Fuente: https://images.pexels.com/photos/8294630/pexels-photo-8294630.jpeg?auto=compress&cs=tinysrgb&h=650&w=940

Categoría: Tecnología

Durante años, los robots humanoides fueron una promesa recurrente: impresionaban en videos de laboratorio, pero rara vez salían a trabajar en el mundo real. En el siglo XXI, esa frontera empezó a moverse de verdad, y 2024 marcó un punto de inflexión: varias compañías pasaron de “demos” a pilotos en entornos industriales, especialmente en fábricas y almacenes, donde la escasez de mano de obra y la presión por eficiencia hacen que cualquier mejora sea oro.

El salto no es solo mecánico. La gran diferencia frente a los humanoides de hace una década es la combinación de mejores actuadores (motores y articulaciones más precisas), baterías más capaces y, sobre todo, software. La IA moderna permite que el robot interprete escenas complejas con cámaras y sensores, planifique movimientos y corrija errores sin que un ingeniero lo programe paso a paso. En la práctica, eso significa algo muy concreto: agarrar objetos distintos, colocarlos en contenedores, mover cajas, abrir puertas o empujar carros con menos “coreografías” predefinidas.

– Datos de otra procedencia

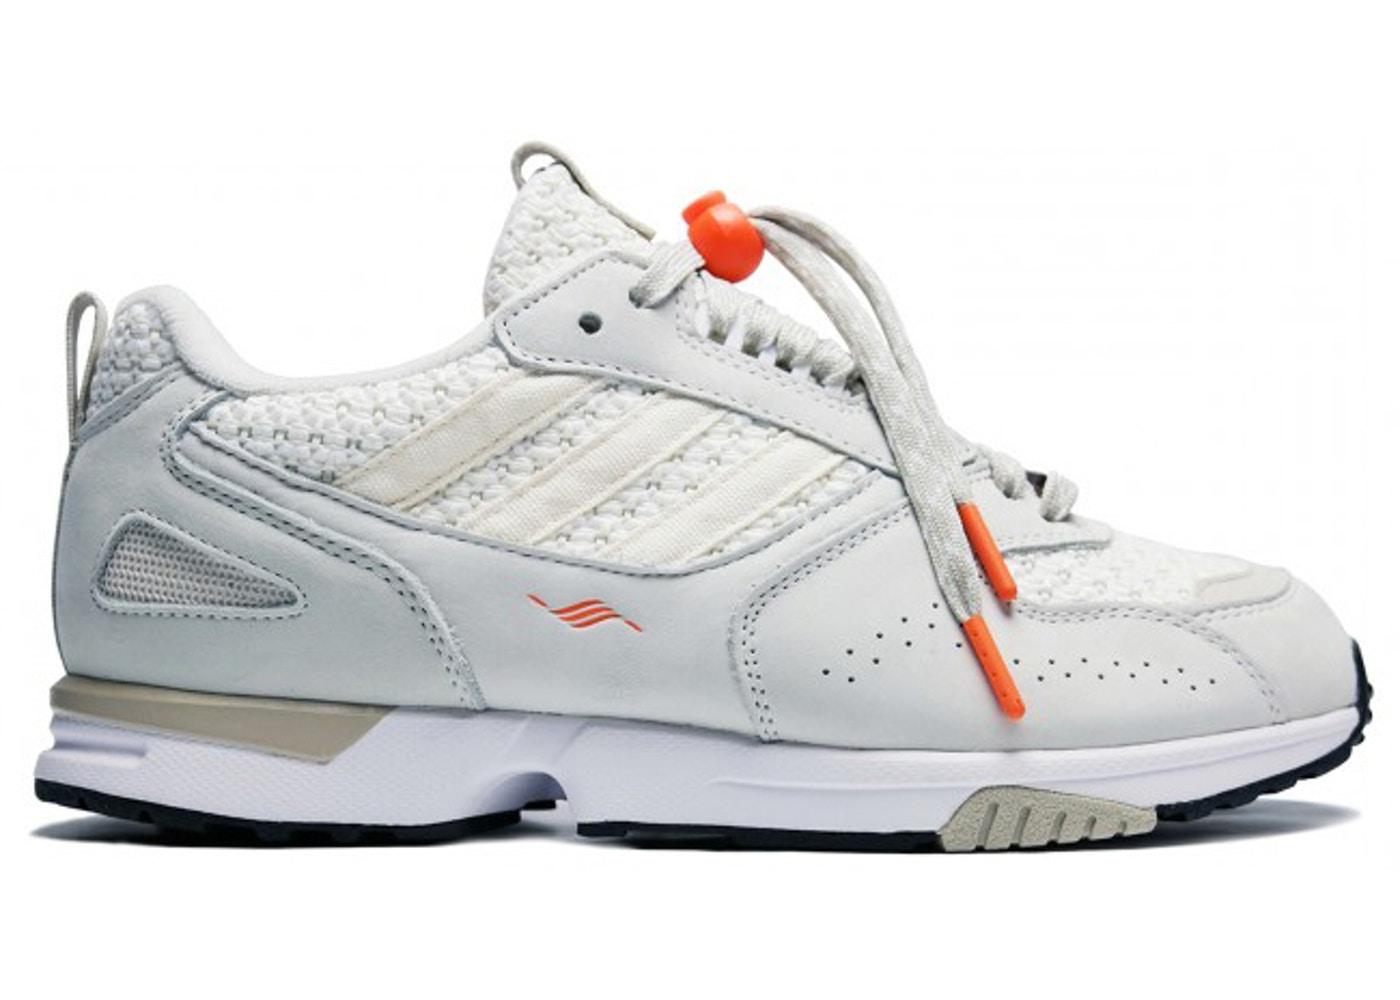 wholesale dealer e8aab 5ffb9 Now Available  Shelflife x adidas Consortium ZX4000 — Sneaker Shouts

En 2024 se vieron señales claras de industrialización. Tesla mostró nuevas iteraciones de Optimus enfocadas en manipulación y coordinación de manos, con la idea de integrarlo en tareas internas. Figure anunció acuerdos para pruebas en entornos de manufactura y logística, con un enfoque explícito en trabajos repetitivos. Agility Robotics, por su parte, empujó el despliegue de Digit en operaciones de almacén, un caso de uso especialmente atractivo porque la logística es un ecosistema de tareas físicas relativamente estandarizadas y medibles.

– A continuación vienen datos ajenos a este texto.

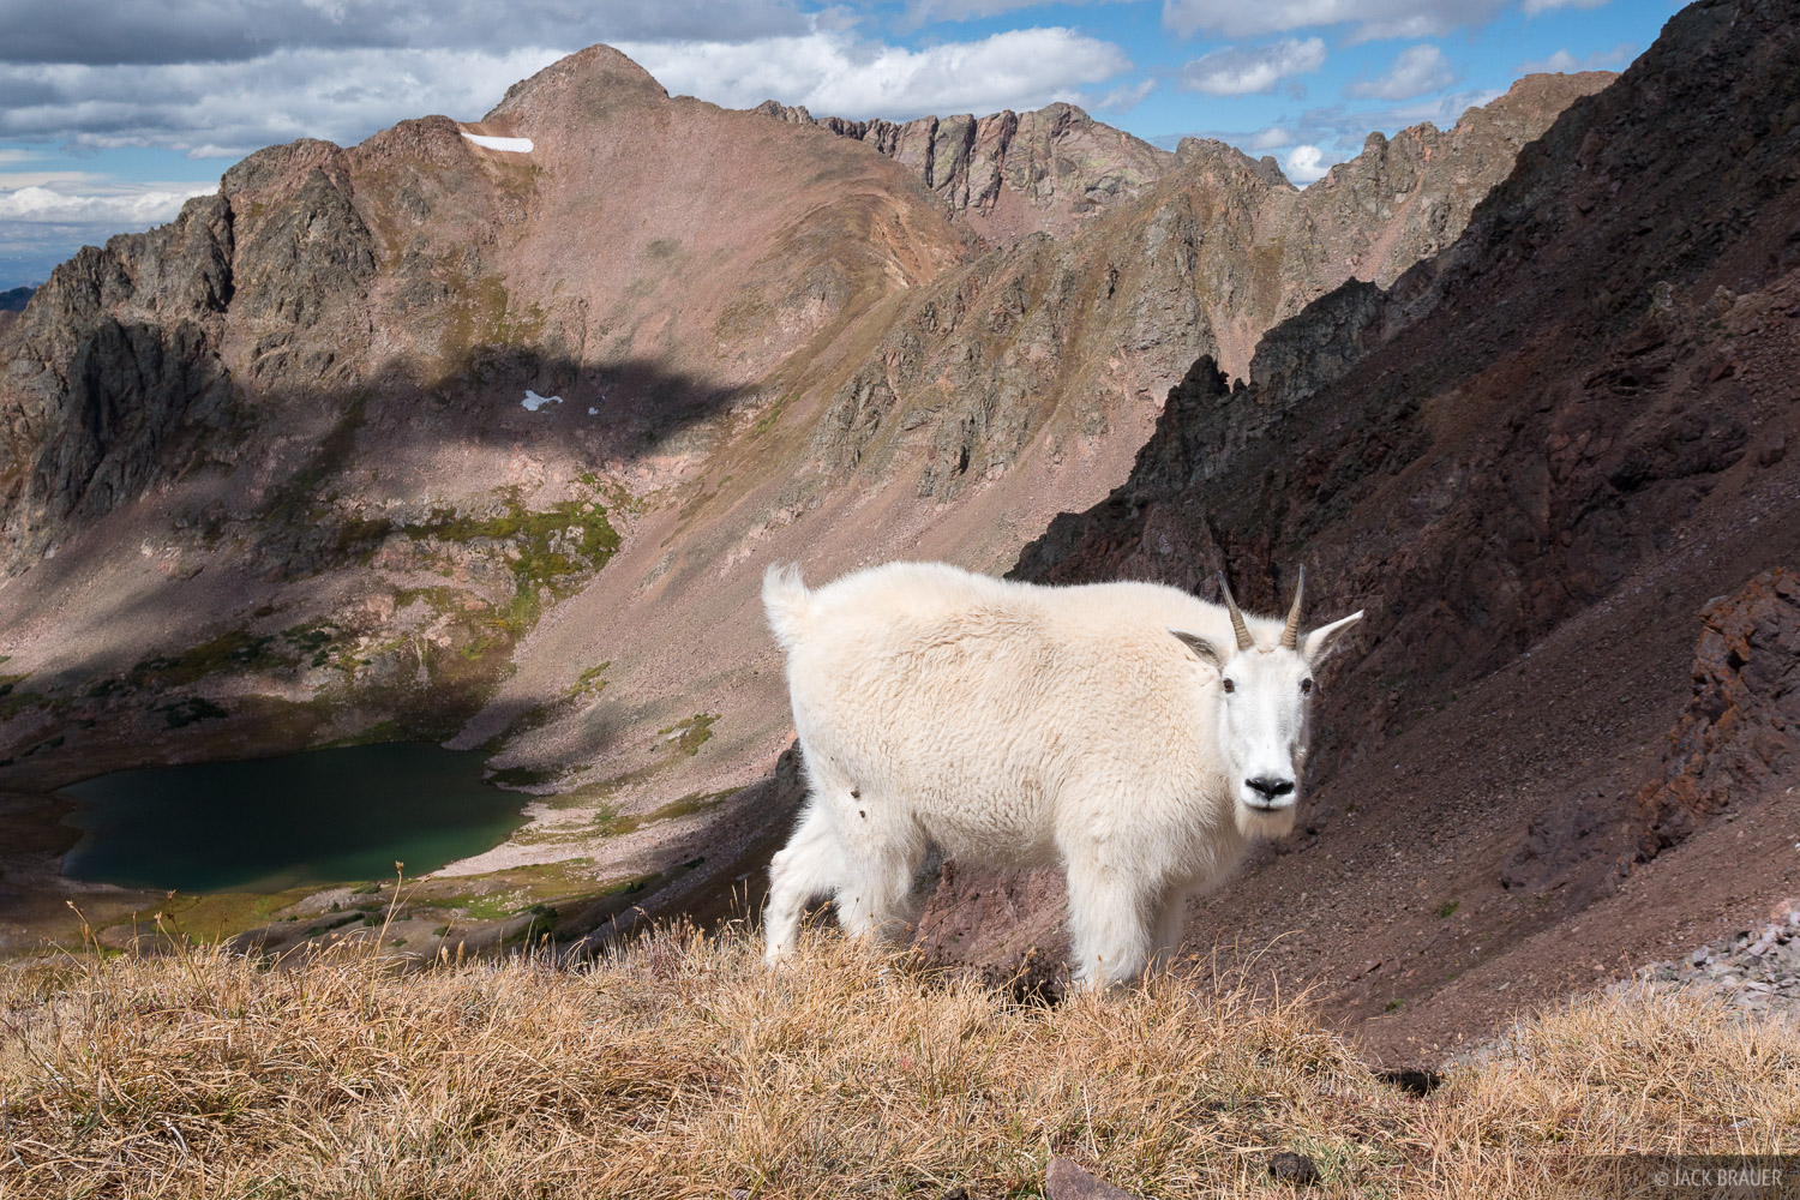 Colorado, Deluge Lake, Gore Range, mountain goat, Eagles Nest Wilderness, photo

Lo curioso es que el “cuerpo humano” no es un capricho estético: es una estrategia de compatibilidad. Muchas instalaciones están diseñadas para personas: pasillos, puertas, estanterías, herramientas, carros. Un humanoide que camina, se agacha y usa manos puede adaptarse a infraestructura existente sin rediseñar toda la planta, algo que suele ser caro y lento. Por eso, aunque los robots industriales tradicionales siguen siendo imbatibles en tareas ultra repetitivas, el humanoide apunta a cubrir huecos: trabajos variables, cambios de línea, picos de demanda o tareas donde hoy se depende de flexibilidad humana.

Aun así, no es una revolución instantánea. La autonomía real sigue siendo el gran examen: un robot debe operar de forma segura cerca de personas, manejar fallos, reconocer límites y mantener un rendimiento estable durante turnos largos. También está el factor económico: la adopción masiva dependerá de cuánto cueste el robot, cuánto mantenimiento requiera y cuánta productividad aporte frente a alternativas como brazos robóticos, AMR (robots móviles) o simples mejoras de proceso.

En resumen, el siglo XXI está viendo cómo el humanoide deja de ser un “show tecnológico” para convertirse en una herramienta de automatización flexible. Si los pilotos industriales de 2024 se consolidan, la próxima conversación ya no será si pueden caminar o bailar, sino cuántas horas trabajan, cuánto cuestan por tarea y qué nuevos empleos —de operación, mantenimiento y supervisión— aparecen alrededor de ellos.